10. Apply three different colors of data bars to lunch, dinner, and delivery sales in the Excel file
Restaurant Sales to visualize the relative amounts of sales. Then sort the data (hint: use a custom
sort) by the day of the week beginning on Sunday. Compare the non-sorted data with the sorted
data as to the information content of the visualizations.
11. For the Store and Regional Sales database, apply a four-traffic light icon set to visualize the
distribution of the number of units sold for each store, where green corresponds to at least 30
units sold, yellow to at least 20 but less than 30, red to at least 10 but less than 20, and black to
below 10.
12. For the Excel file Closing Stock Prices,
a. Apply both column and line sparklines to visualize the trends in the prices for each of the four
stocks in the file.
b. Compute the daily change in the Dow Jones index and apply a win/loss sparkline to visualize
the daily up or down movement in the index.
13. The Excel file Economic Poll provides some demographic and opinion data on whether the
economy is moving in the right direction. Convert this data into an Excel table and filter the
respondents who are homeowners and perceive that the economy is not moving in the right
direction. What is the distribution of their political party affiliations?
14. Open the Excel file Store and Regional Sales database.
a. Sort the data by units sold, high to low
b. Sort the units sold using an icon set, where green corresponds to high sales levels, yellow to
medium sales, and red to low sales. The sort should show all the green icons first, followed by
yellow, and then red.
15. Sort the data in the Excel file Automobile Quality from highest to lowest number of problems
per 100 vehicles using the sort capability in Excel.
16. Use Excel’s filtering capability to (1) extract all orders for control panels, (2) all orders for
quantities of less than 500 units, and (3) all orders for control panels with quantities of less than
500 units in the Purchase Orders database.
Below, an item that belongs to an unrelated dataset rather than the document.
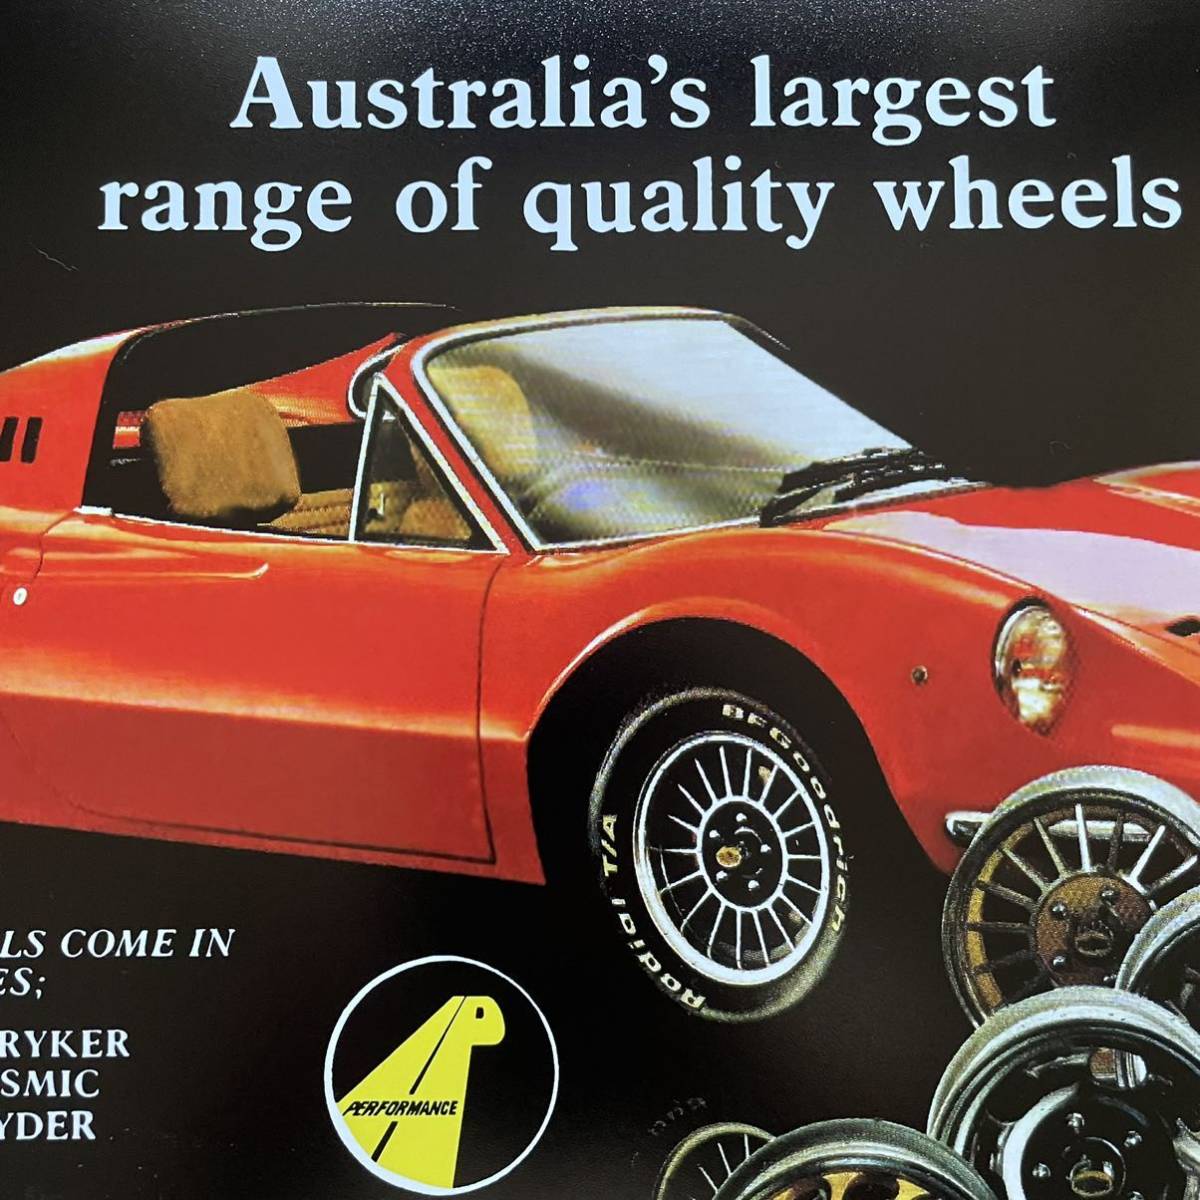 *Ferrari Dino 246 GTS Австралия версия Performance * колесо фирма реклама постер * Ferrari *tino

17. In the Sales Transactions database, use Excel’s filtering capability to extract all orders that
used PayPal, all orders under $100, and all orders that were over $100 and used a credit card.
18. Use PivotTables to construct a cross-tabulation for the purpose of the loan and credit risk in
the Excel file Credit Risk Data. Illustrate the results on a PivotChart.
19. Use PivotTables to construct a cross-tabulation for marital status and housing type in the
Excel file Credit Risk Data. Illustrate the results on a PivotChart.
20. Create a PivotTable to find the average amount of travel expenses for each sales
representative in the Excel file Travel Expenses. Illustrate your results with a PivotChart.
21. Use PivotTables to find the number of loans by different purposes, marital status, and credit
risk in the Excel file Credit Risk Data. Illustrate the results on a PivotChart.
22. Create a PivotTable for the data in the Excel file Weddings to analyze the wedding cost by
type of payor and value rating. What conclusions do you reach?
23. The Excel File Rin’s Gym provides sample data on member body characteristics and gym
activity. Create PivotTables to find:
a. a cross-tabulation of gender and body type versus BMI classification
b. average running times, run distance, weight lifting days, lifting session times, and time spent
in the gym by gender.
Summarize your conclusions.
24. Create useful dashboards for each of the following databases. Use appropriate charts and
layouts (for example, explain why you chose the elements of the dashboards and how a manager
might use them.
a. President’s Inn
b. Restaurant Sales
c. Store and Regional Sales
d. People’s Choice Bank
25. A marketing researcher surveyed 92 individuals, asking them if they liked the new product
concept or not. The results are shown below:
Yes No
Male 30 50
Female 6 6
Convert the data into percentages. Then construct a chart of the counts and a chart of the
percentages. Discuss what each conveys visually and how the different charts may lead to
different interpretations of the data.